The buy-back and burn function will only be activated when the USDy-BUSD pool price is trading below the USDy mint price - currently set at $1.00. The USDy mint price is set at a predetermined level and can be adjusted by the development team if/when the need arises.
At the end of each 21-epoch interval, the protocol will check the current price of USDy;
If the USDy-BUSD pool price for USDy is above $1.00, the protocol will mint an amount of USDy that's required to bring the pool price back down to $1.00.
- Once the USDy has been minted, it will be immediately sold for BUSD via the liquidity pool (30% transaction tax will not apply). Next, the protocol will utilise the BUSD acquired from the sale to create USDy-BUSD liquidity at $1.00 by minting an equivalent amount of USDy. Each of the aforementioned actions will occur on the same block to avoid price manipulation.
If the USDy-BUSD pool price for USDy is below $1.00; the protocol will withdraw liquidity equivalent to an amount that's required to push the pool price back to $1.00.
- Once the liquidity has been withdrawn, the BUSD portion of the liquidity will be used to purchase USDy (30% transaction tax will not apply). Next, the USDy acquired from both the liquidity withdrawal and purchase will be burned by the protocol. Each of the aforementioned actions will occur on the same block to avoid price manipulation.

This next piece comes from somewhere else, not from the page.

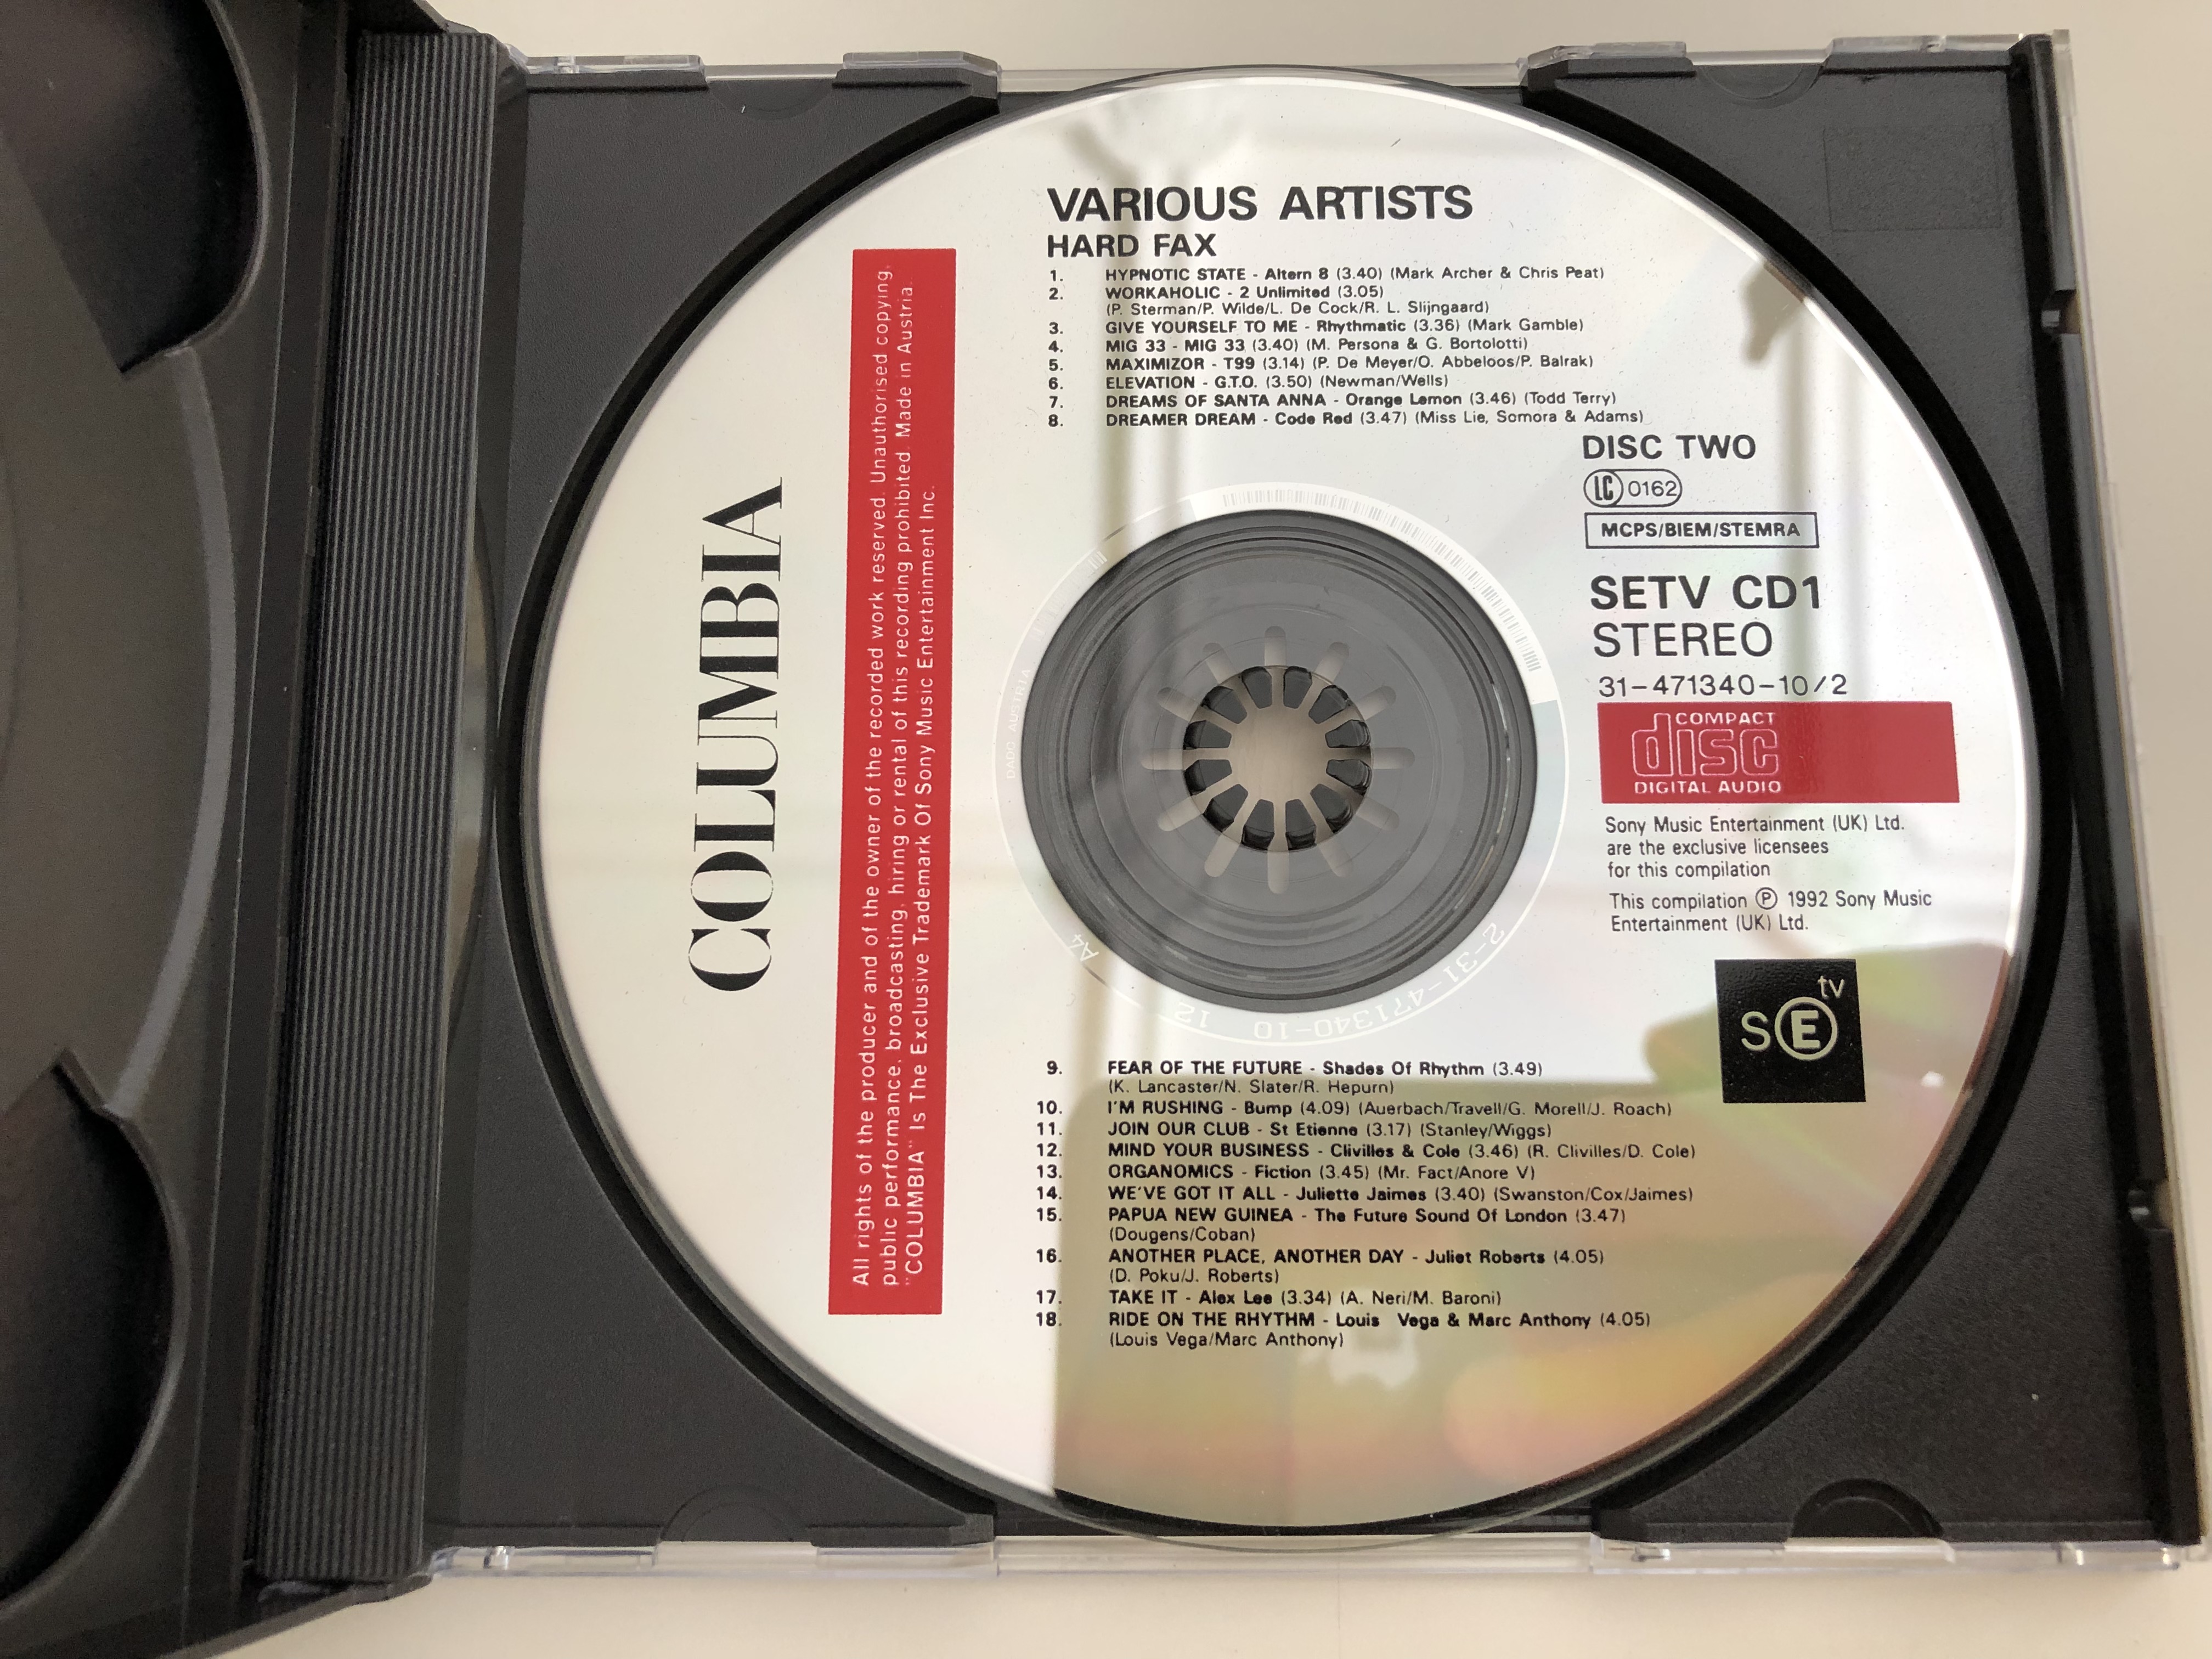 hard-fax-36-greatest-club-hits-featuring-stella-jam-spoon-hypnotic-st-8-workaholic-shades-of-rhythm-2x-audio-cd-1992-columbia-setv-cd1-6-.jpg

When USDy is trading below $1.00, the protocol will utilize the predetermined mint price to mint new USDy. If USDy is trading at a price greater than the mint price, the protocol will use the pool price to mint. This means that, no matter what, the protocol always uses the greater of the two prices to mint USDy.
- Pool price > mint price, the protocol will use the pool price to mint USDy.
- When USDy is trading greater than the mint price - the pool price is utilised by the protocol when minting USDy.
- Mint price > pool price, the protocol will use the mint price to mint USDy.
- When USDy is trading less than or equal to the mint price - the mint price is utilised by the protocol when minting USDy and the buy-back and burn function is triggered.
At the end of each 3-epoch interval, the protocol will check the current price of USDy, with the USDy buyback and burn function only being activated by the protocol when USDy is trading below the predetermined USDy mint price. It will remain active for a minimum of 3 epochs, and will only be deactivated when USDy is trading greater than or equal to the predetermined mint price at the end of the next 3-epoch interval. By implementing this buy and burn measure, the UCM will help counter the downward sell pressure on USDy.
When activated the following aspects of the protocol will be repurposed to reduce the supply of USDy:
- 1.USDy token tax -> One-third (10%) of the 30% USDy transaction tax will be burnt, and the remaining two-thirds will be split equally, with one-third (10%) being sent to the Treasury and one-third being used to purchase and burn xYSL.